A post on the White House’s Office of Science and Technology Policy blog (OSTP is responsible for coordinating MGI activities) divided the new developments into five categories: Broad Industry Partnership by Over 60 Institutions; Regional Partnerships to Accelerate Work; Open Access Made Available to Millions of Molecules; New Tools for the Classroom; and Predicting the Properties of Nanomaterials.
The administration released a comprehensive “Progress on Materials Genome” fact sheet, which is well worth reading, but here are a few of the highlights:
• Harvard University, via the school’s Clean Energy Project (led by the Aspuru-Guzikto) says it is using IBM’s World Community Grid to accelerate the testing of millions of new, simulated organic molecules to conduct and store solar energy. Harvard says it also will be working with Wolfram Research to make the data associated with these molecules publicly available by the end of 2012. David Turek, IBM’s vice president of High Performance Computing Scalable Systems, has some comments about IBM’s MGI plans here.
• Members of the University Materials Council have pledged to pursue innovative new methods to train future materials scientists and engineers in ways that are consistent with the MGI vision. The 33 schools that are members of the UMC say they will be developing new courses on the use of computation tools and new degree programs.
• Autodesk is making new simulation technology and a library of properties for more than 8000 materials available via ‘the cloud.’ Apparently, the technology/library initially will be available to the company’s design customers, but Autodesk says it is committed also to making this new materials information available to the US educational community for use in the classroom. Autodesk recently released “Simulation Workshop,” a product that is described as “a free online source of education modules that can be used to train the next generation of engineers in advanced materials use.” (Simulation Workshop was developed in cooperation with Pacific Northwest National Lab, Oak Ridge National Lab and the University of Illinois at Urbana-Champaign.)
• Lockheed Martin says it will establish an industry-led, multisector “Carbon Nanostructures Consortium.” According to the company, the consortium will focus on accelerating the development of transformational carbon nanostructure-enhanced materials for energy, aerospace and electronics.
• GE Global Research says it will convene a Summit on Additive Manufacturing in July to drive faster adoption of this technology. GE Global Research says it will follow the summit by launching a lecture and workshop series specifically devoted to MGI beginning this year. GE also says it is sponsoring post-doctoral experts in the field on the topics of the MGI. The company says it hopes its efforts help to target “high priority material problems of national importance” and contribute to building a community that emphasizes workforce training and embraces a more collaborative approach to developing advanced materials.

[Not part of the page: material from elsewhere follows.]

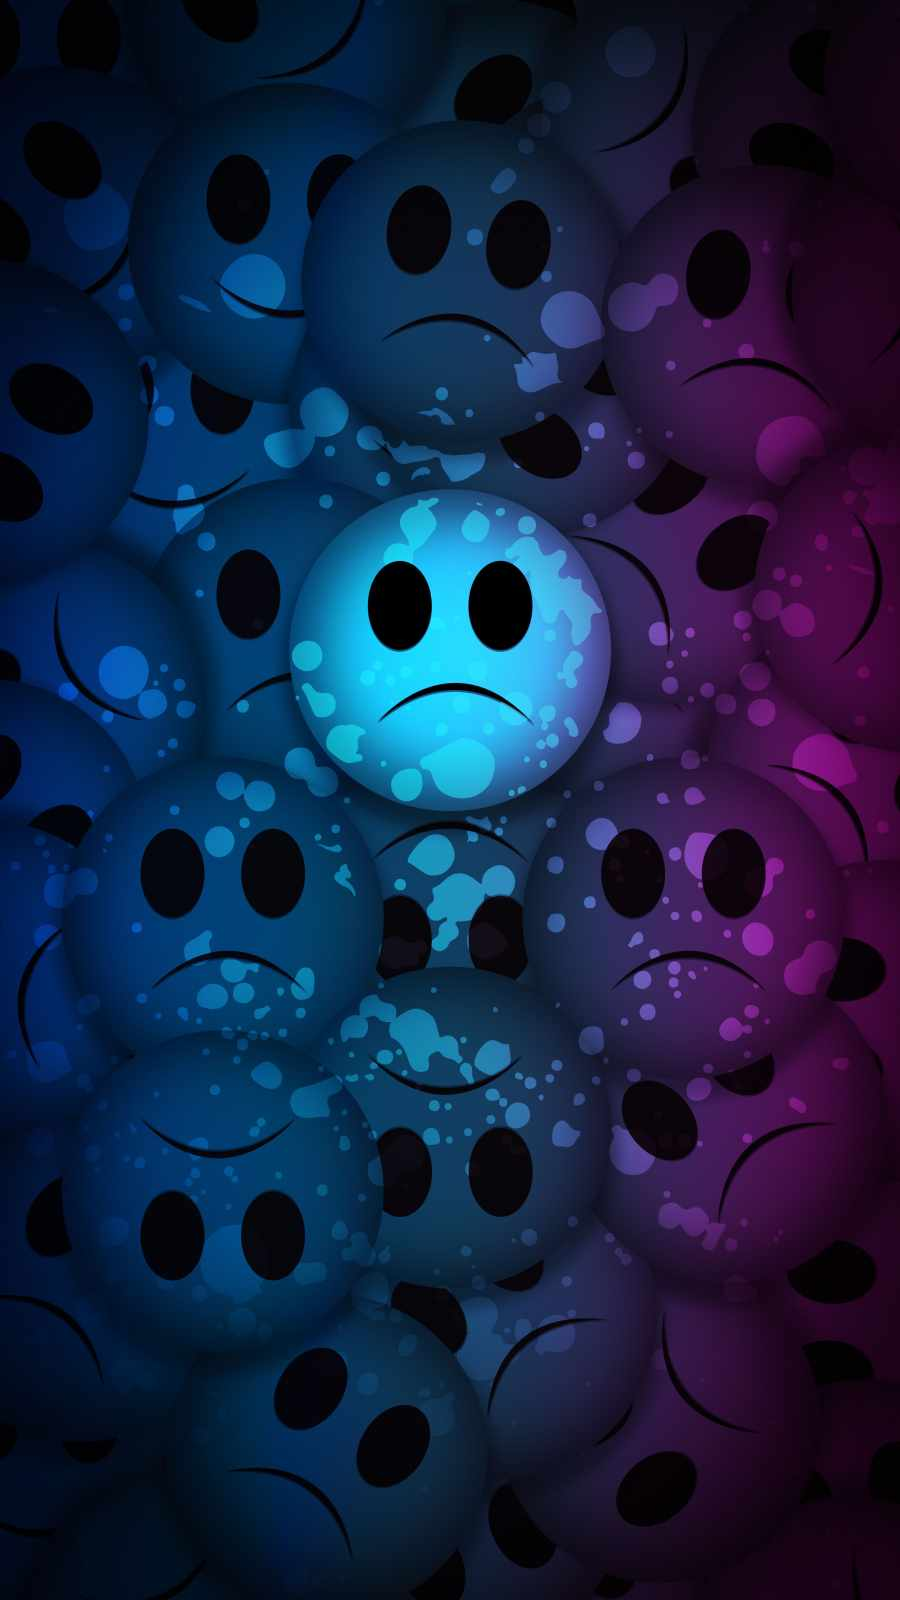 Sad Faces iPhone Wallpaper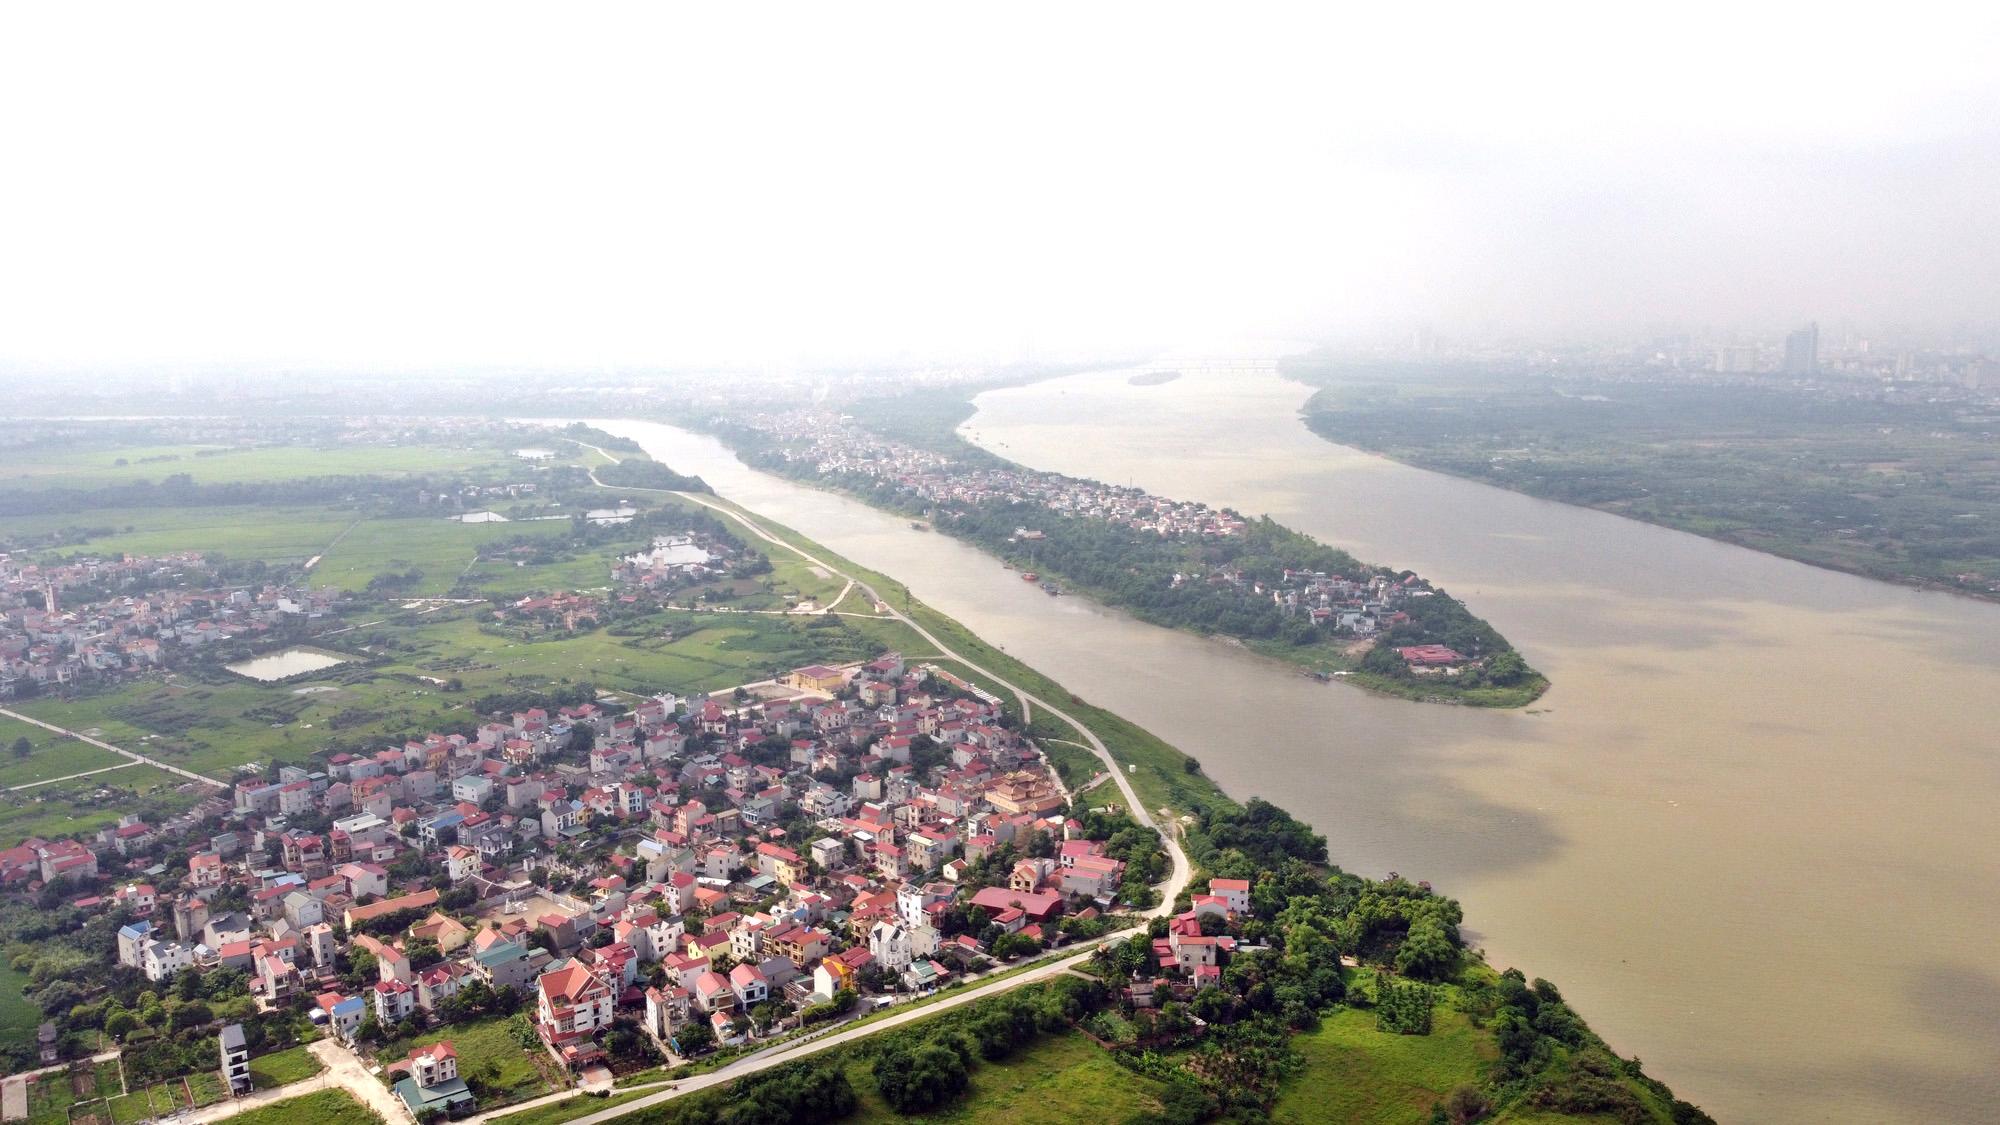 Cận cảnh những 'bán đảo' ngay giữa trung tâm Hà Nội - Ảnh 1.

• Argonne National Lab is working in collaboration with Northwestern University, the University of Chicago and private sector companies to create an “MGI Ecosystem” in the Chicago area. The vision is to develop cross-disciplinary teams with access to an important asset: ANL’s new “Mira” 10-petaflop supercomputer. Northwestern would leverage its strong materials research faculty and ties with the advanced materials industry and will work to expand the Northwestern-Argonne Institute for Science and Technology. UC’s strength would be offering collaborations with its new Institute for Molecular Engineering.
• Like ANL, Berkeley National Lab will be leveraging its supercomputer. The lab says its National Energy Research Scientific Computing Center will be tripling supercomputing hours for the already successful Materials Project. Lab officials say this will amount to 40 million hours by 2013.
• The National Nanotechnology Initiative, which has been something of a model for MGI, says it will be working to ”stimulate the development of models, simulation tools, and databases that enable the prediction of specific properties and characteristics of nanoscale materials. Also, approaches, protocols, and standards developed through MGI activities may be initially explored, tested, or evaluated specifically for nanoscale materials under NNI efforts.”
• The DOE is evaluating proposals for up to $12 million (from FY 2012) “of research in predictive theory and modeling for materials and chemical sciences. This research will combine computational tools, experimental tools, and digital data to advance materials and chemical processes; provide user-friendly software that captures the essential physics and chemistry of relevant systems.”
• In parallel, the DOE’s Office of Science says it is launching new “SciDAC” (Scientific Discovery through Advanced Computing) partnerships among materials and chemical researchers, applied mathematicians and computer scientists to develop new algorithms and computational approaches. The OS already funds the Computational Materials and Chemical Sciences Network of interdisciplinary teams that develop and test new software of relevance to materials and chemical processes.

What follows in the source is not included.